### [Information provided]
........

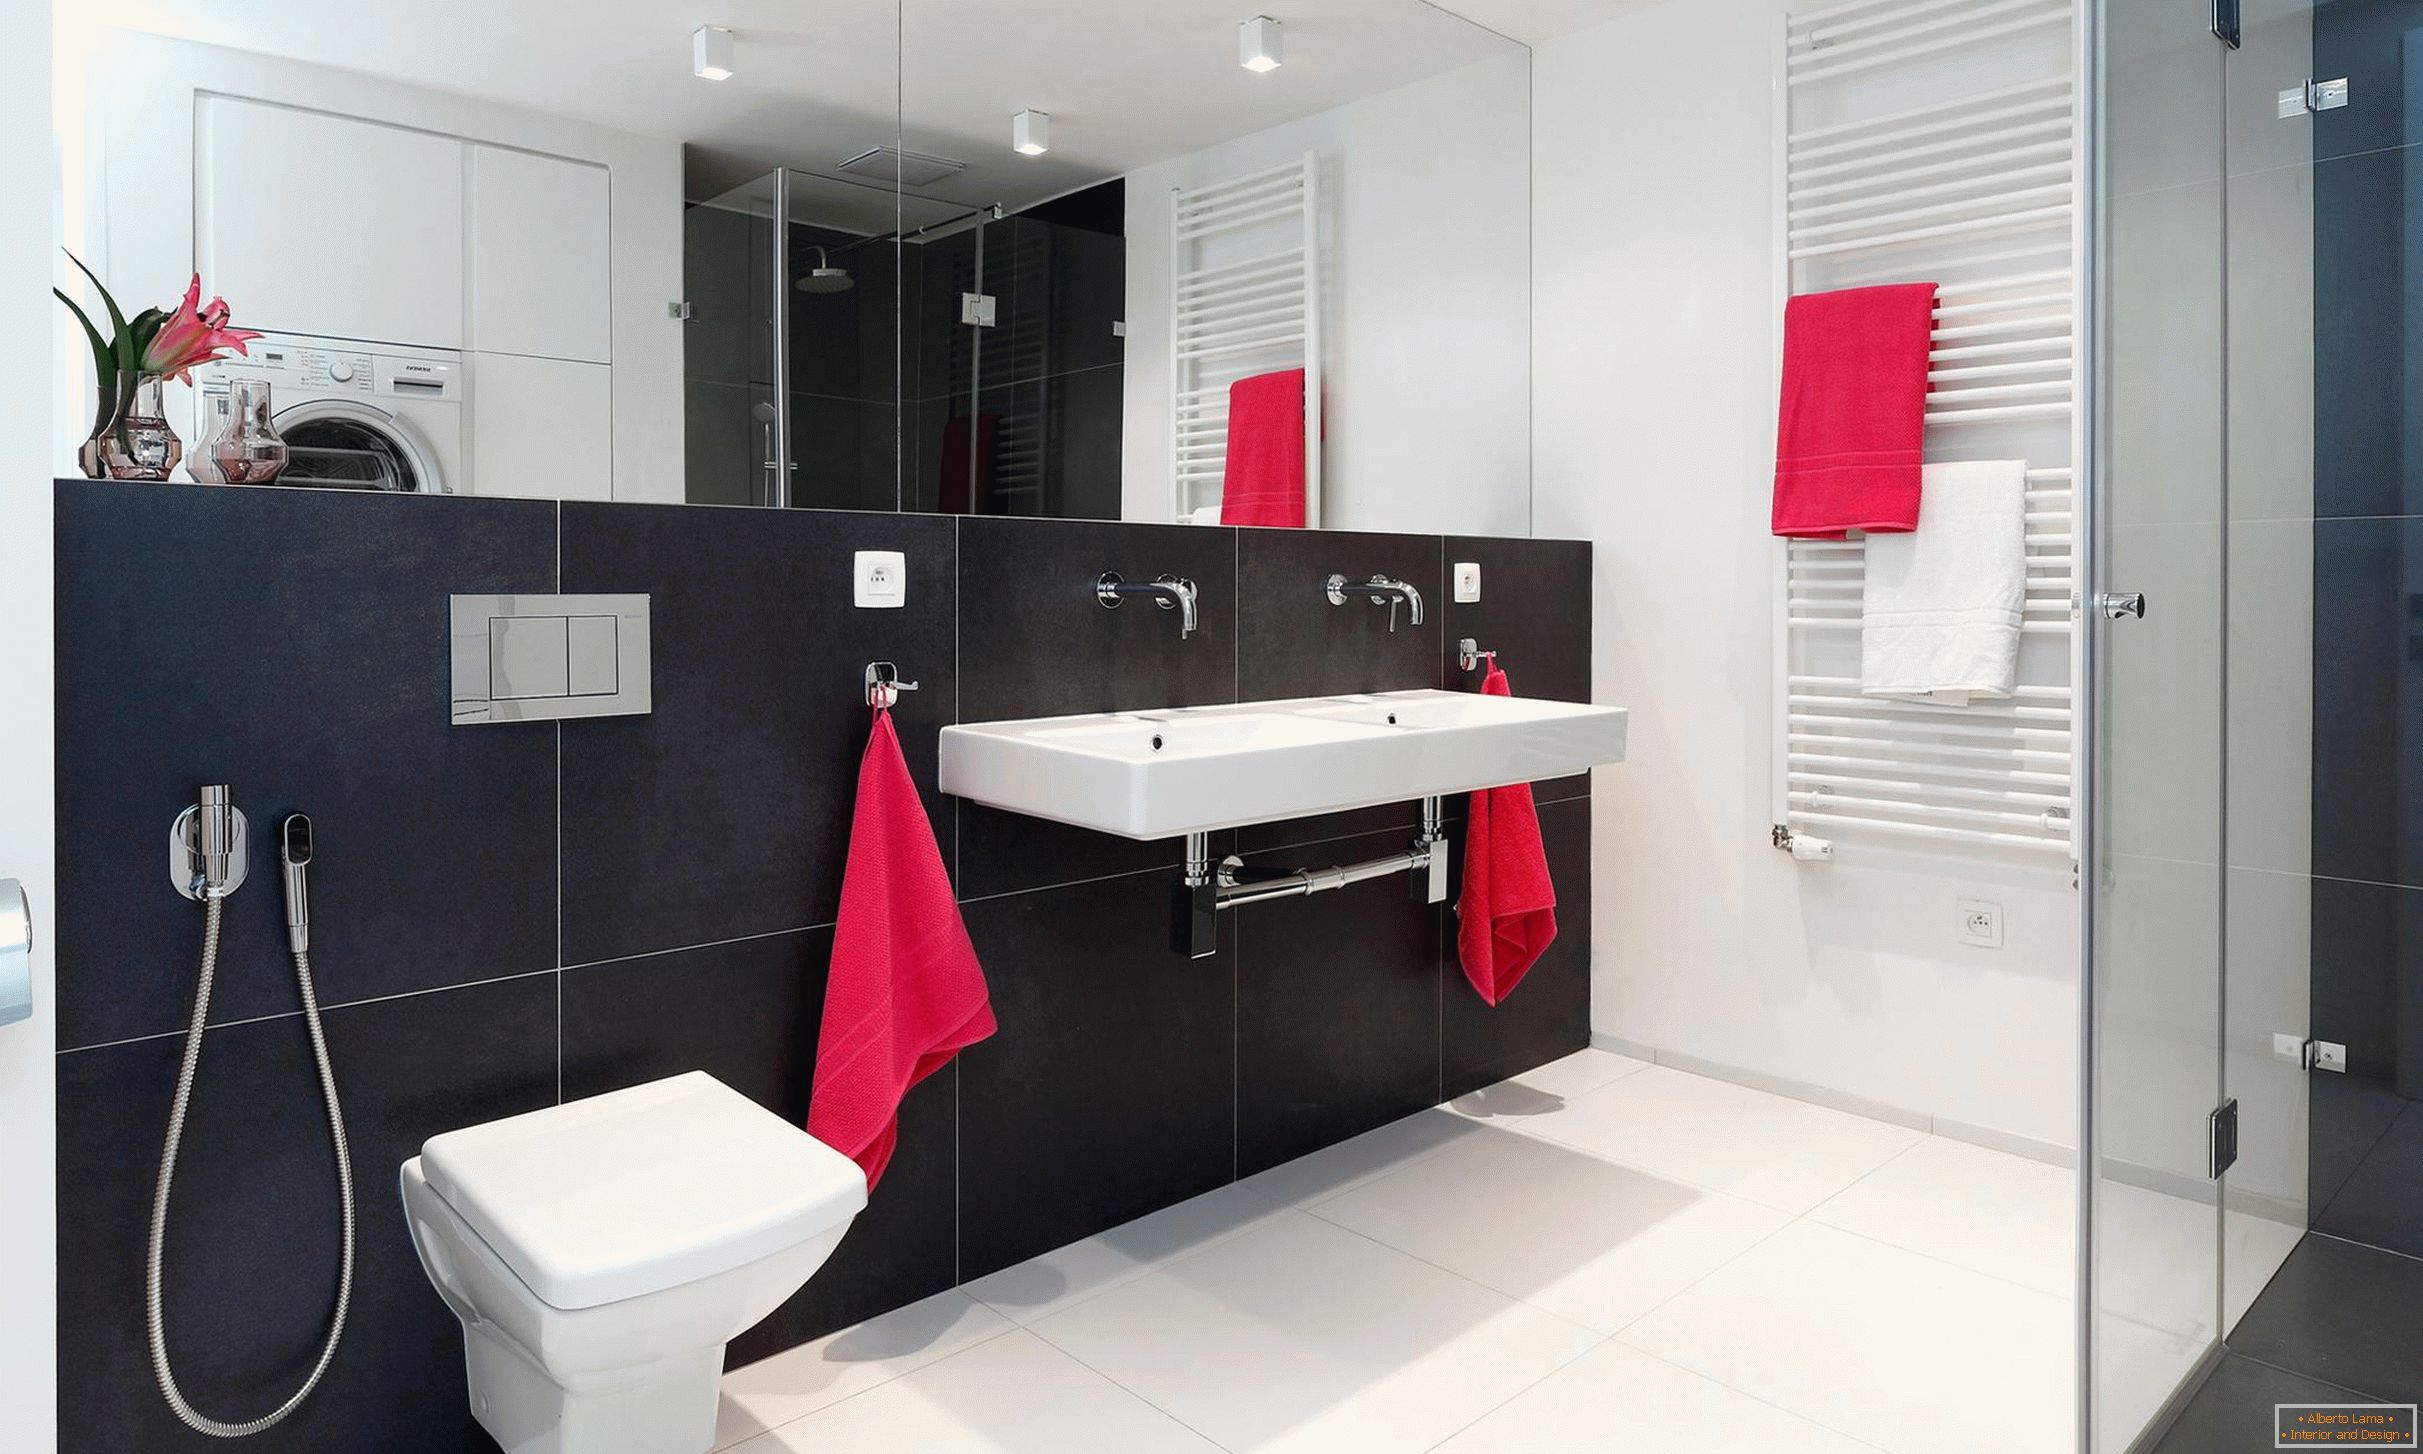 Rot, Weiß und Schwarz im Design des Badezimmers
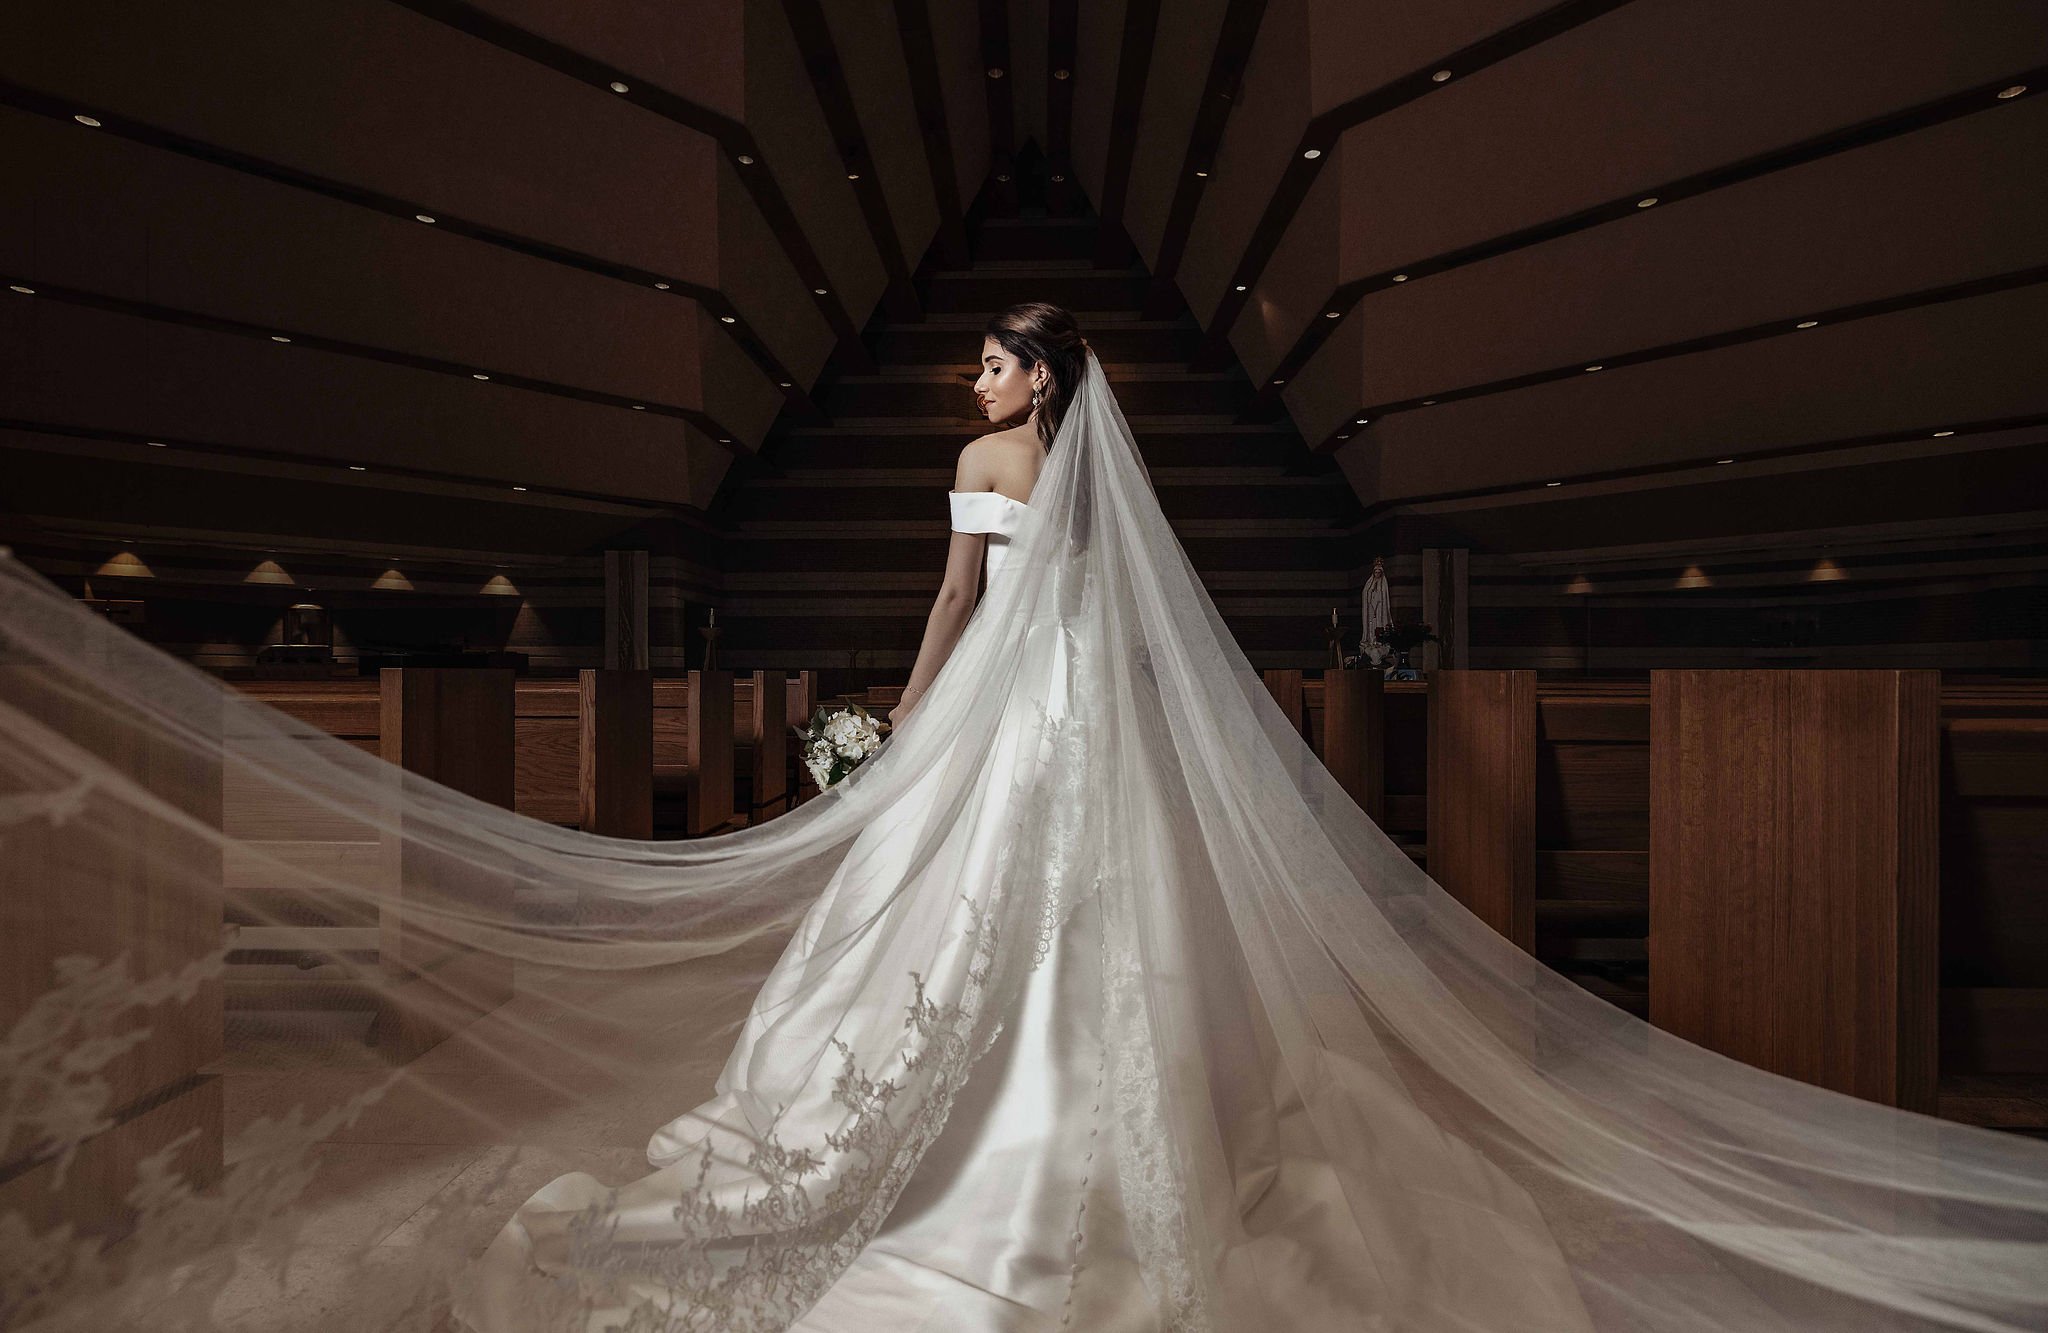 Dallas bride - wedding venue - veil.jpg
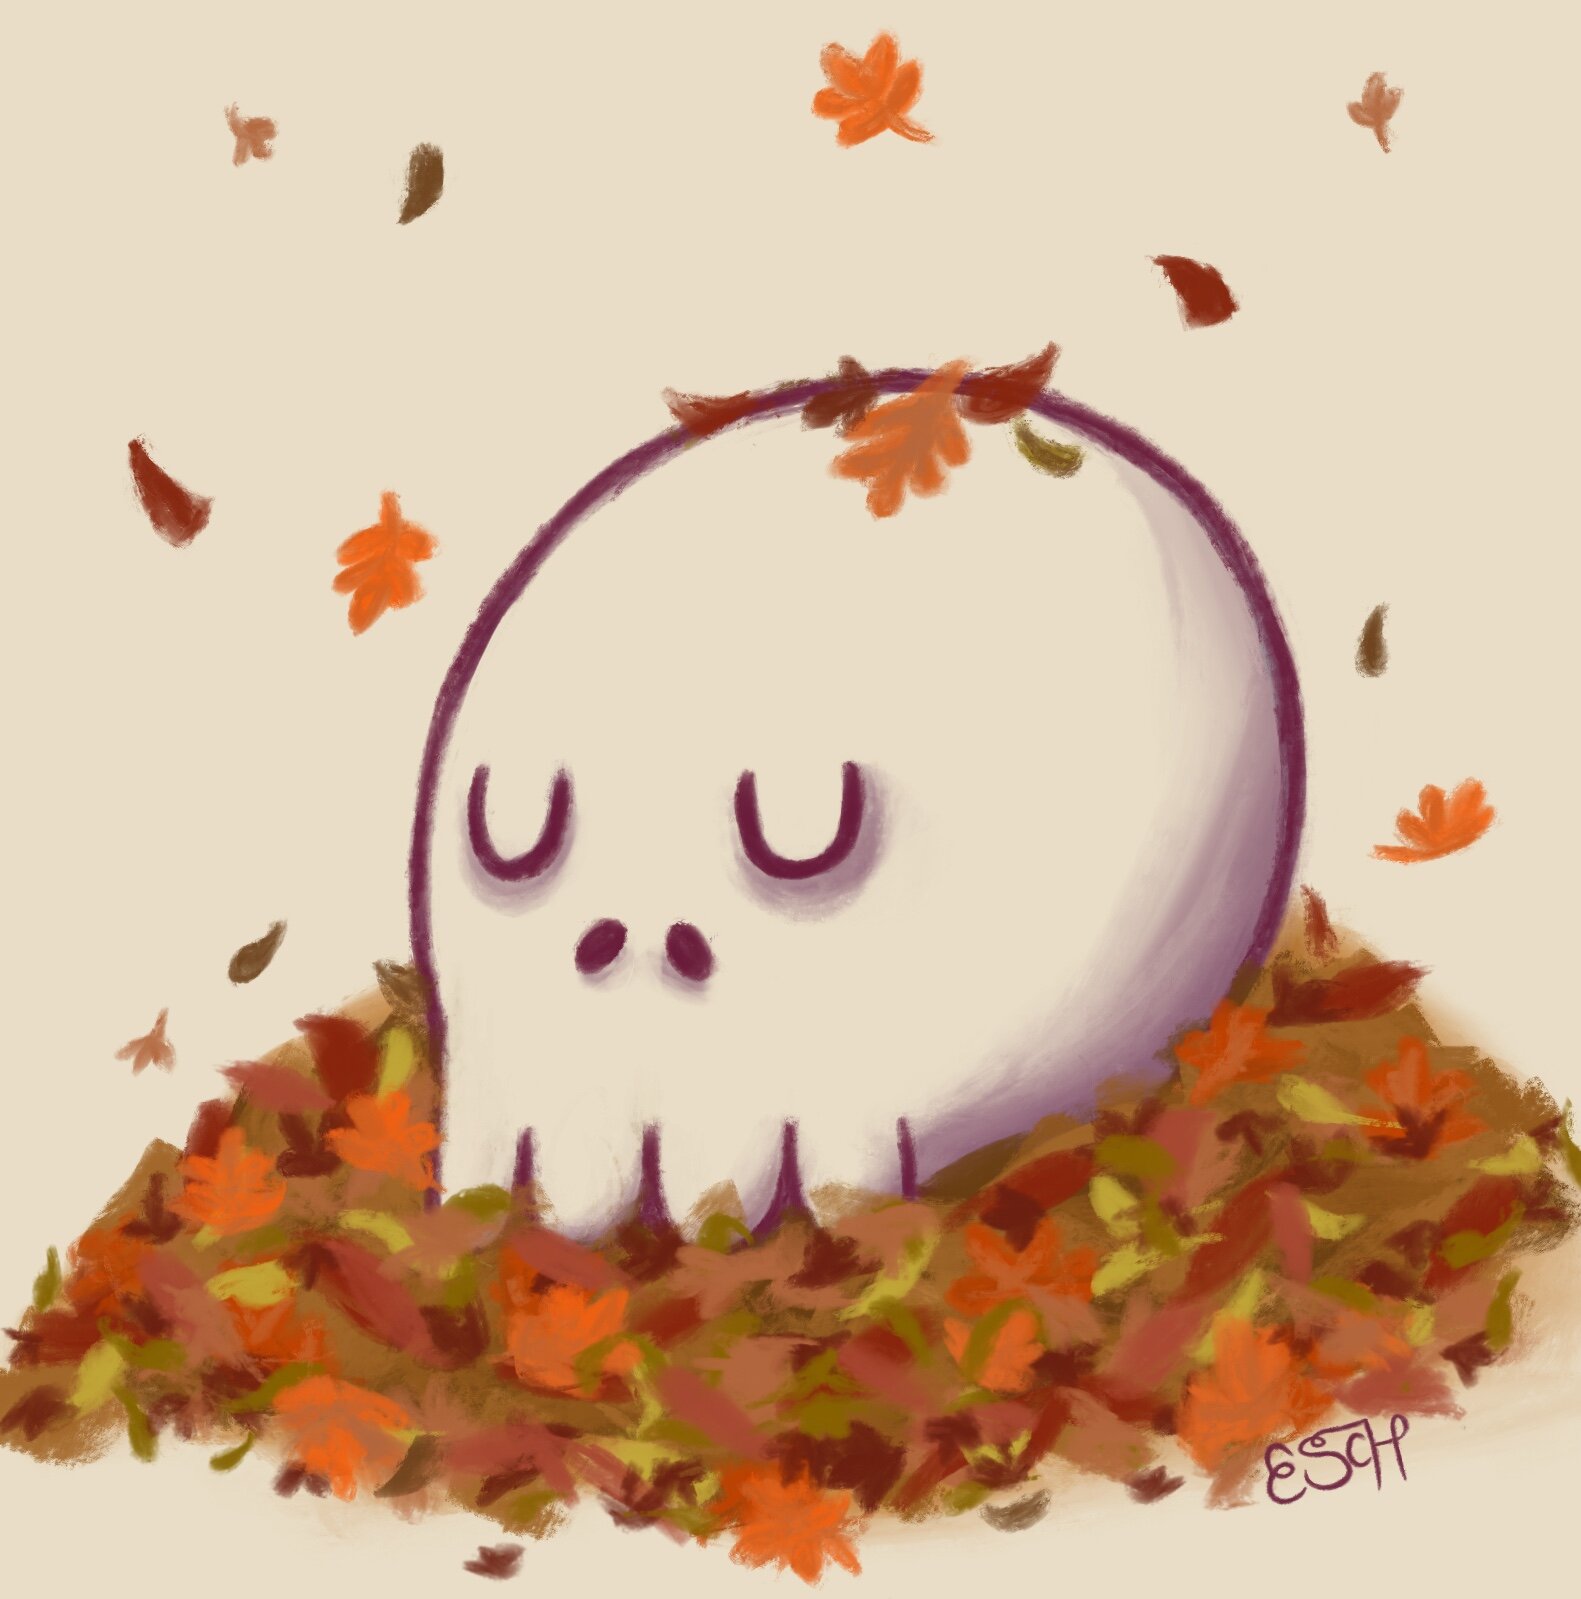 Sleepy skull - Autumn 2018

........

### [Problem requirements]
Extract every line of the data exactly; pictures stay out.

### [Result]
 Rot, Weiß und Schwarz im Design des Badezimmers
 Dallas bride - wedding venue - veil.jpg
 Sleepy skull - Autumn 2018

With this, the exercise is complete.